Should Kids Be Social Media Influencers?

Should Kids Be Social Media Influencers?

Do you follow any social media influencers? If yes, why?

(Influencers are individuals, famous or not, with large followings. You can check out some of the most popular here.)

Would you want to be an influencer? Would you be willing to promote and market products on your social media feed if it meant earning lots of money?

In “Online and Making Thousands, at Age 4: Meet the Kidfluencers,” Sapna Maheshwari writes:

Samia was an influencer before she could talk.

Her parents, Adam and LaToya Ali, are influencers themselves and began chronicling Samia’s impending arrival on YouTube and Instagram in 2014, once Ms. Ali learned she was pregnant.

“Samia’s birth video is on YouTube, so she’s pretty much been born into social media,” Mr. Ali said.

Samia is now 4 and has 143,000 followers on Instagram and 203,000 subscribers on YouTube. Her feeds are mostly populated with posts of her posing and playing, but they also feature paid promotions for brands like Crayola and HomeStyle Harvest chicken nuggets.

There are instances when “Samia can’t verbatim get the message out,” Mr. Ali, who lives in the Atlanta area, said of the promotional posts. “Sometimes, their talking points are not kid talk, so LaToya would need to appear, or myself, to relay those because those are key deliverables that the brands want.”

Welcome to the world of kidfluencers. Brands have flocked to influencers — individuals, famous or not, with large followings on social media — for years, hoping their online popularity will prompt their fans to buy the products they vouch for. Then child influencers started appearing on their parents’ profiles, a surreal but seemingly harmless offshoot of this phenomenon.

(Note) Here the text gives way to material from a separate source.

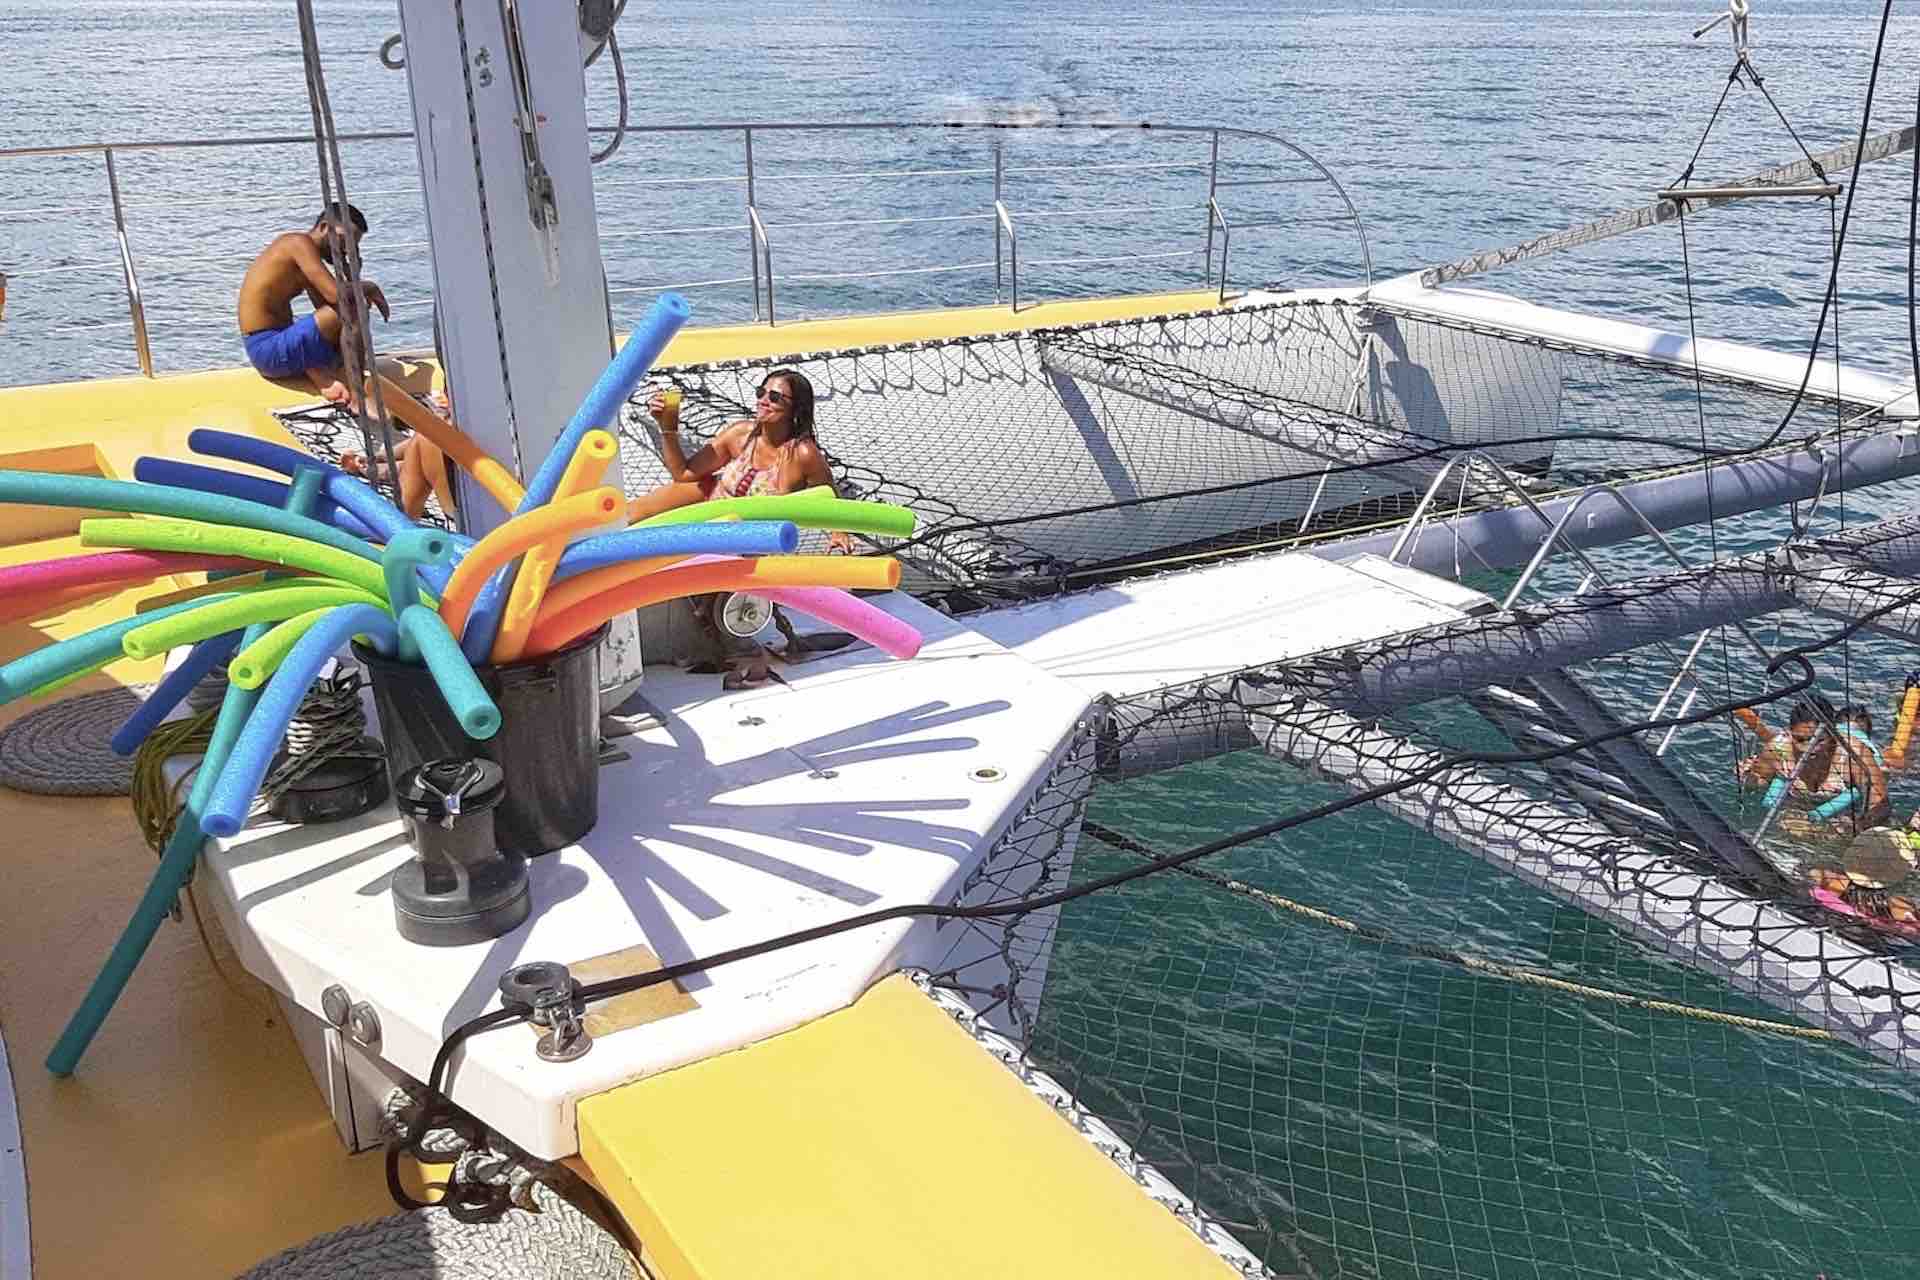 Manga Taboga island sailboat charter guests net hammock swimming noodles

Now, advertisers like Walmart, Staples and Mattel are bankrolling lucrative endorsements deals for toddlers and tweens with large followings and their own verified profiles on YouTube and Instagram. As a result, children too young to make their own accounts on the platforms are being turned into tastemakers.

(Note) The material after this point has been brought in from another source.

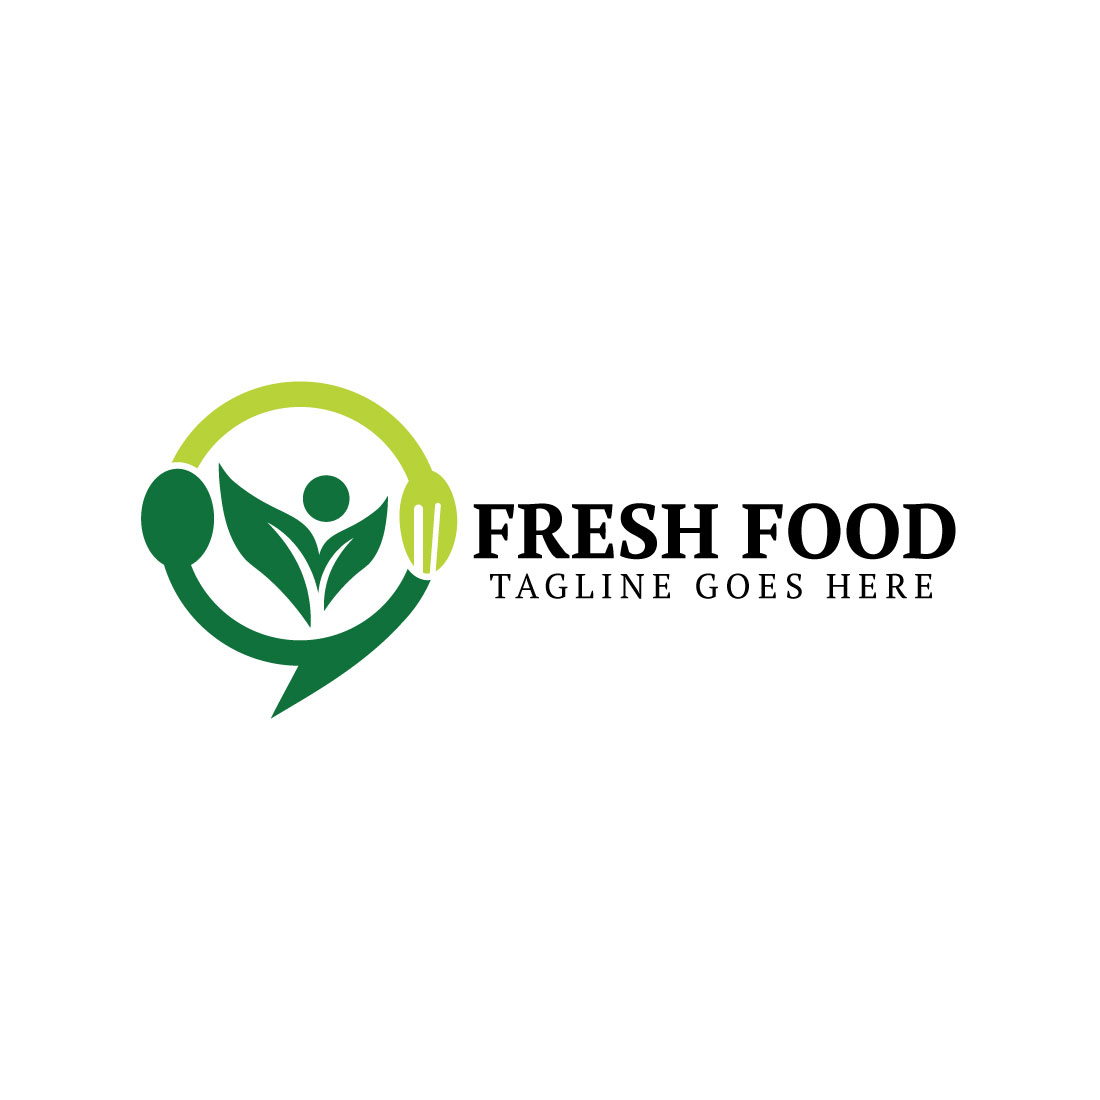 Fresh food logo design preview image.

The article describes how much money can be made as an influencer:

That can mean big money for the families of kidfluencers. Kyler Fisher, the father of 2-year-old identical twins who have more than two million followers on Instagram, said a sponsored post on the girls’ account could fetch between $10,000 and $20,000.

The twins, Taytum and Oakley, have promoted car seats and Carnival Cruise Lines on Instagram. They are also central to the success of their parents’ YouTube channel, Kyler & Mad, which has about three million subscribers. Promotions on the family YouTube channel can draw $25,000 to $50,000.

Fans are so interested in the family that their third child, due the first week of March, already has 112,000 Instagram followers.

“My kids complete the package, man,” Mr. Fisher said. “If we didn’t have the girls, I can’t imagine being as far as we are.”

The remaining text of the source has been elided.